Ella extendió la mano y tomó la de él, conmovida por su vulnerabilidad.

"Severus. No hay nada que debas temer. Hoy ha estado bien, ¿no? Maravilloso. Esto está fuera de Hogwarts. Me ha mostrado lo que puede ser. Y me gusta. Me gusta tanto que no quiero que acabe."

"Tiene que hacerlo. Tiene una clase conmigo esta tarde, señorita Granger." Él sonrió burlonamente a su manera habitual, pero por una vez la molestó más de lo que la divirtió. Era demasiado fácil para él retirarse a la familiaridad académica.

"Es viernes. ¿No sería maravilloso quedarnos aquí e ir a un hotel? Tengo algún dinero de entrevistas y artículos que escribí después de la guerra. Podríamos ir a un lugar realmente agradable y pasar el fin de semana allí."

Él parecía confuso, casi asustado.

"Tengo que regresar para impartir clase."

Ella suspiró y bajó la cabeza. "Muy bien," dijo con sequedad.

Terminaron su café y abandonaron la cafetería en silencio, caminando calle arriba. Hermione estaba confusa. Desesperadamente no quería arruinar el maravilloso rato que habían pasado en Edimburgo, pero tampoco podía evitar sentirse decepcionada por su incapacidad para dejar atrás su pasado familiar. Al menos lo habían expresado; la posibilidad de un futuro juntos más allá de Hogwarts. Y se recordó a sí misma, él inicialmente se lo había tomado bastante bien.

Pero su inseguridad la preocupaba. Era casi una carga; como si ella estuviera soportando sobre sus hombros el peso emocional, no sólo de sí misma, sino también de un hombre veinte años mayor que ella. Levantó la mirada hacia él. ¿Estaba realmente preocupado por dejarla? Supuso que era uno de sus mayores temores acerca de estar fuera del colegio. Él sabía dónde estaba con ella en Hogwarts. Sabía que dentro de la comunidad escolar, a sus ojos, él era excitante, inteligente, carismático… peligroso. ¿Pero afuera? ¿Tenía tan poca confianza como para pensar que parecería tan diferente? Parecía que sí.

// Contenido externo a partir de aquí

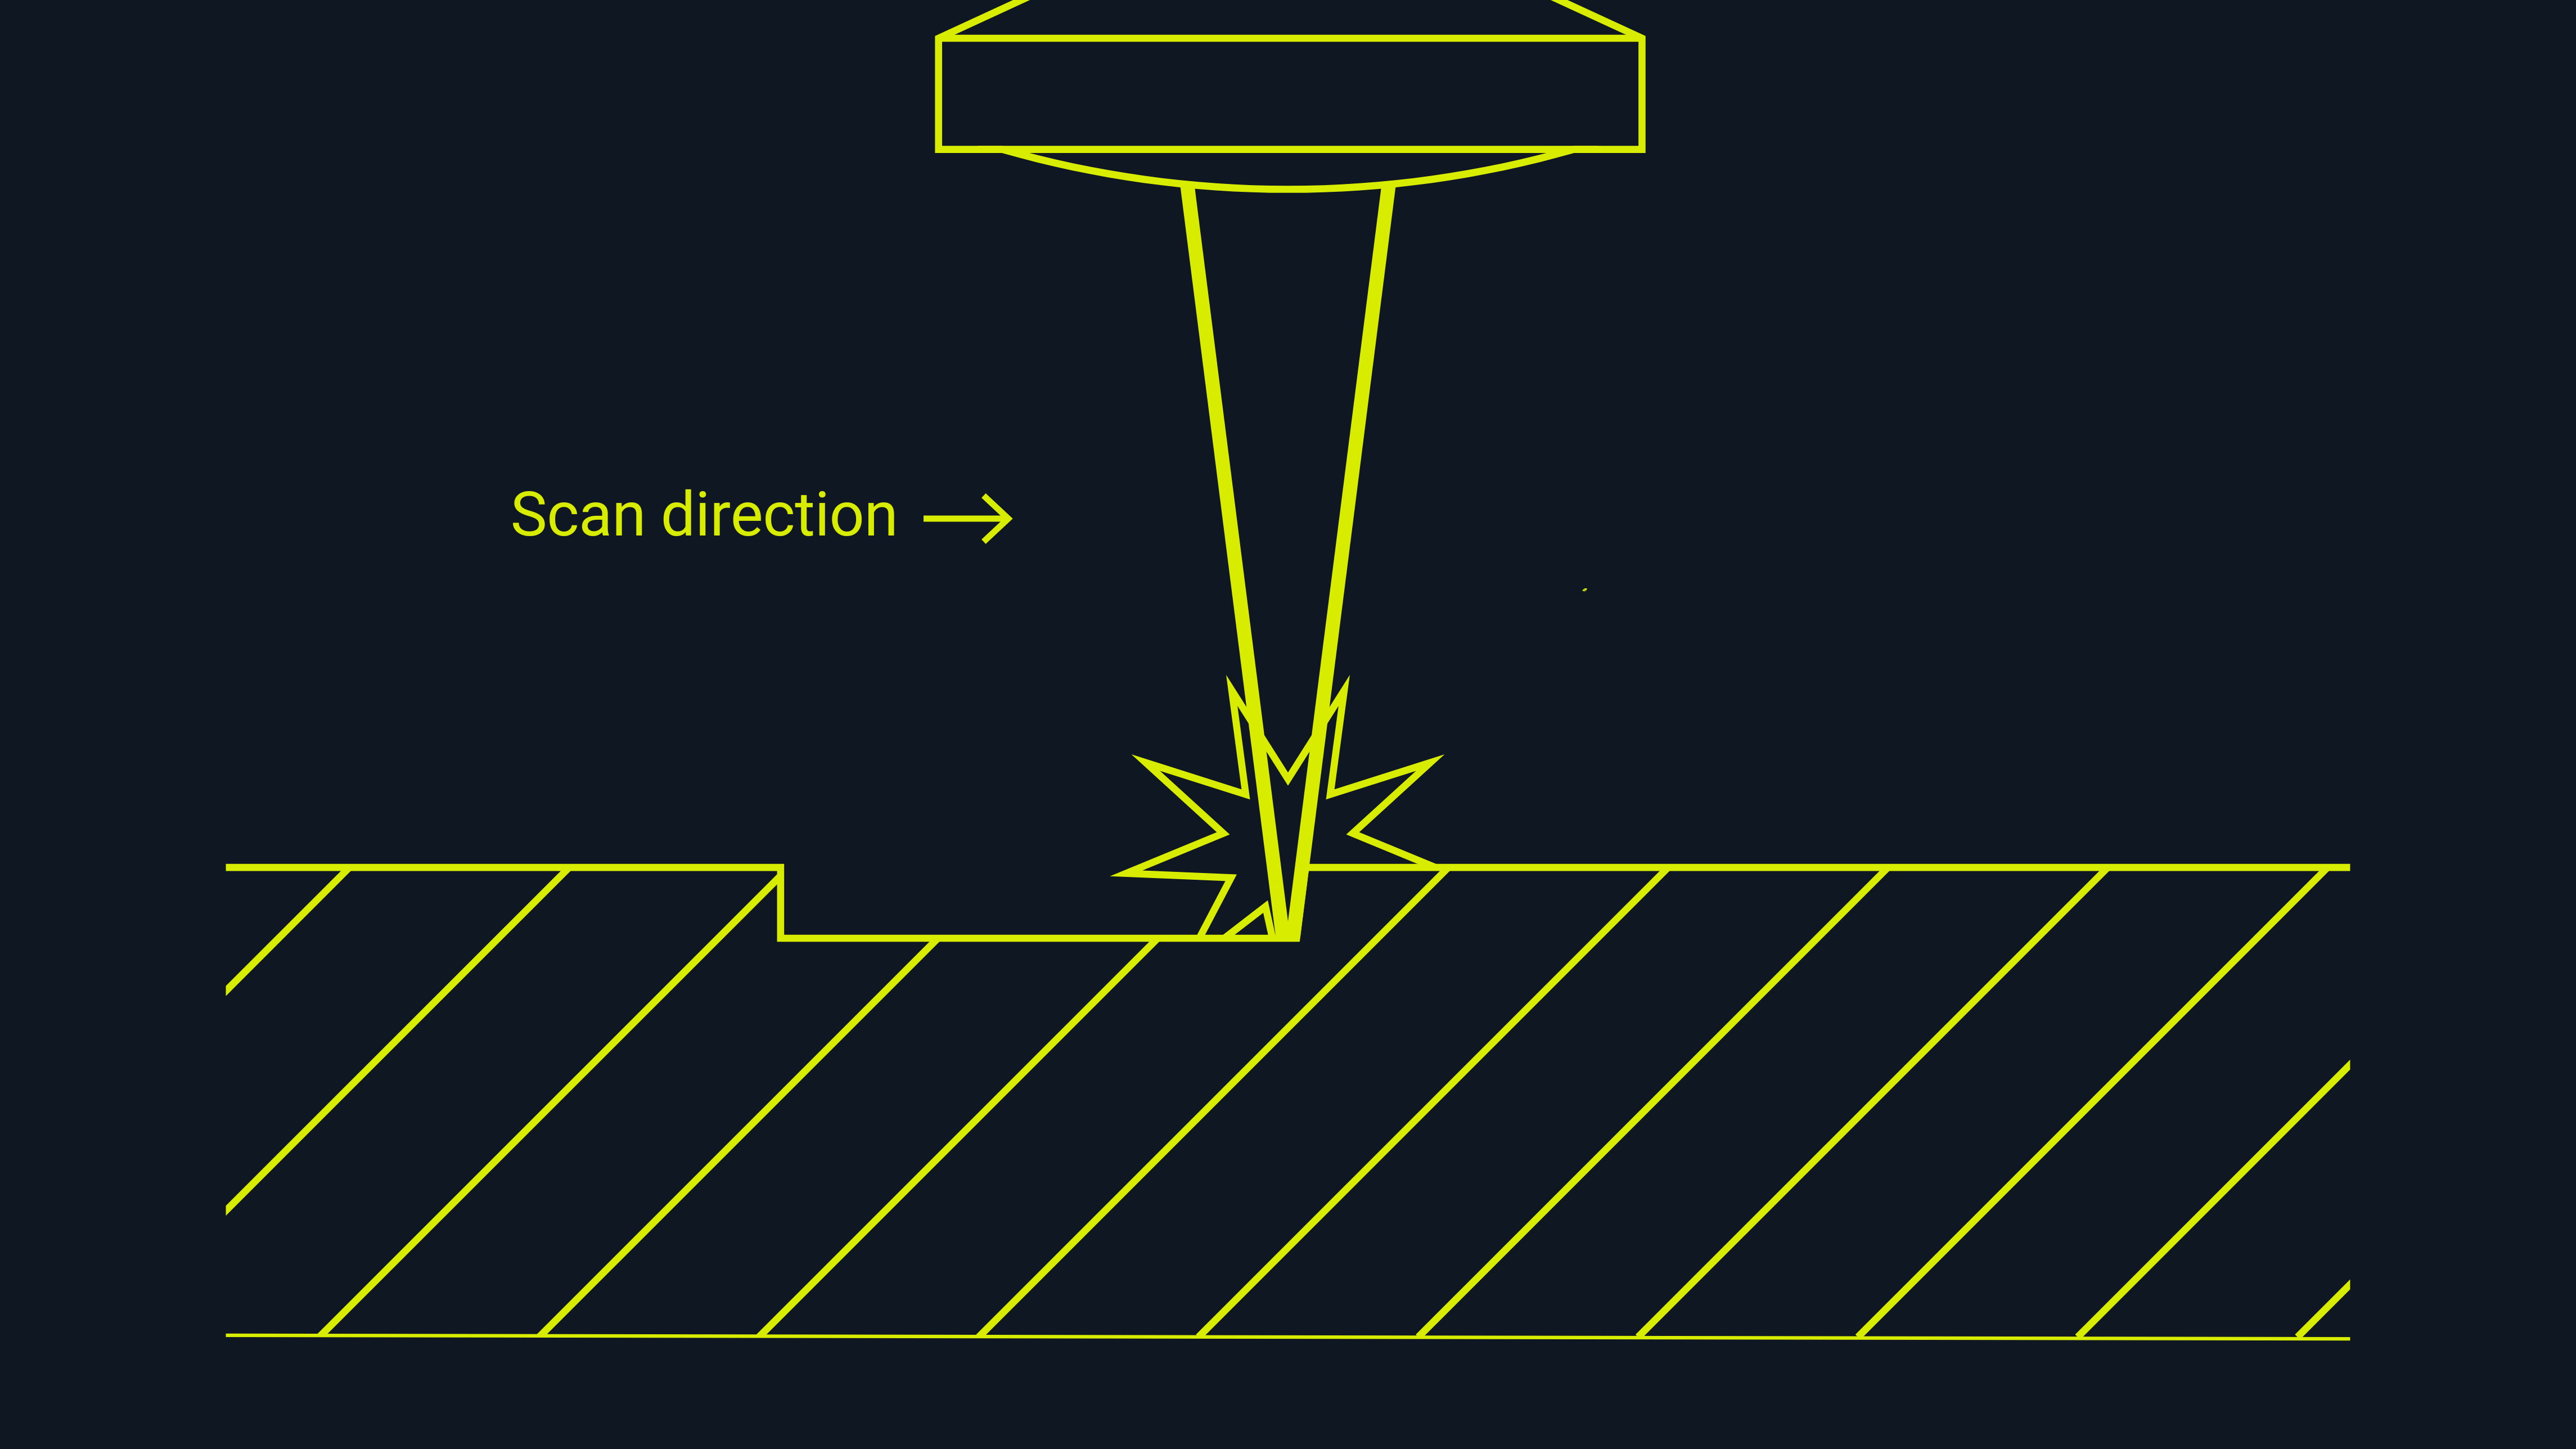 Sketched illustration of the laser engraving process.
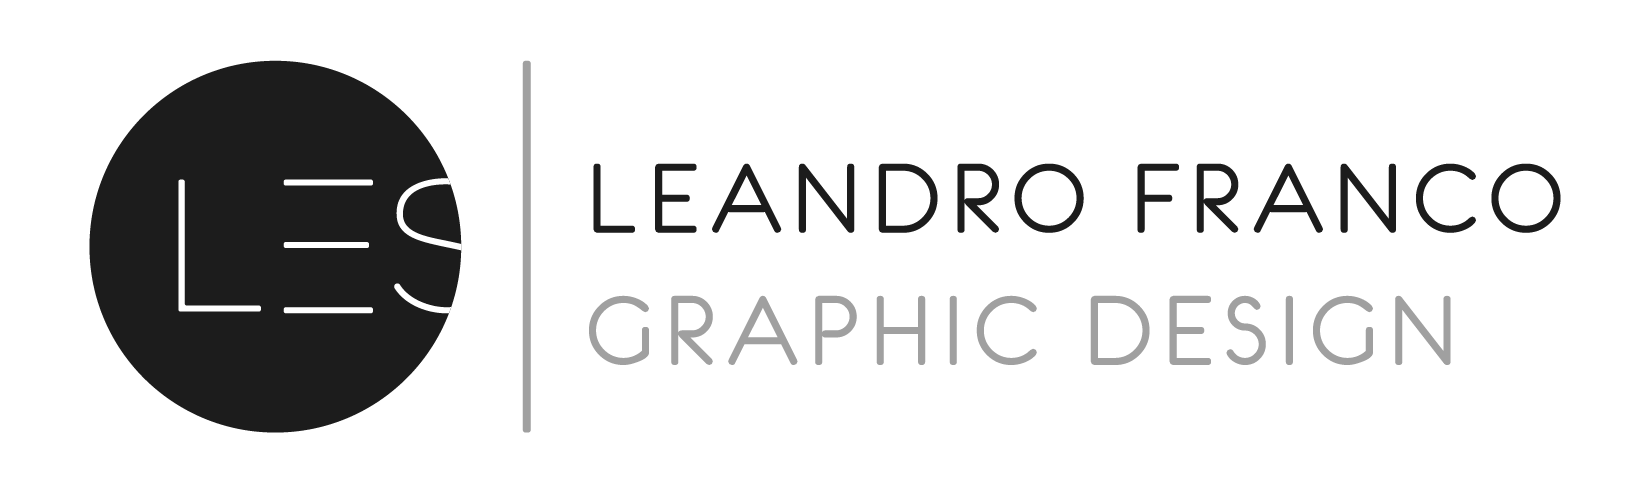 leandro franco logotipo

A pesar de su incapacidad para tomar una decisión sensata sobre su futuro, ella lo adoraba tanto que sólo quería tranquilizarlo. Su fragilidad era tan conmovedora; sacaba un sentimiento de ella que no podía identificar del todo. Deslizó su mano en la de él, levantando la otra para sentir el collar que colgaba a su alrededor, y le sonrió.

Él se detuvo y la miró, su rostro todavía incierto.

Se detuvieron en medio de la calle. Hermione levantó la mano y sostuvo su rostro. Era comprensible que necesitara tiempo. Se lo concedería.

"No te preocupes por nada, Severus. Me tienes. Me tienes."

Atrajo su cabeza y lo besó larga y tiernamente mientras la gente de Edimburgo pasaba a su alrededor.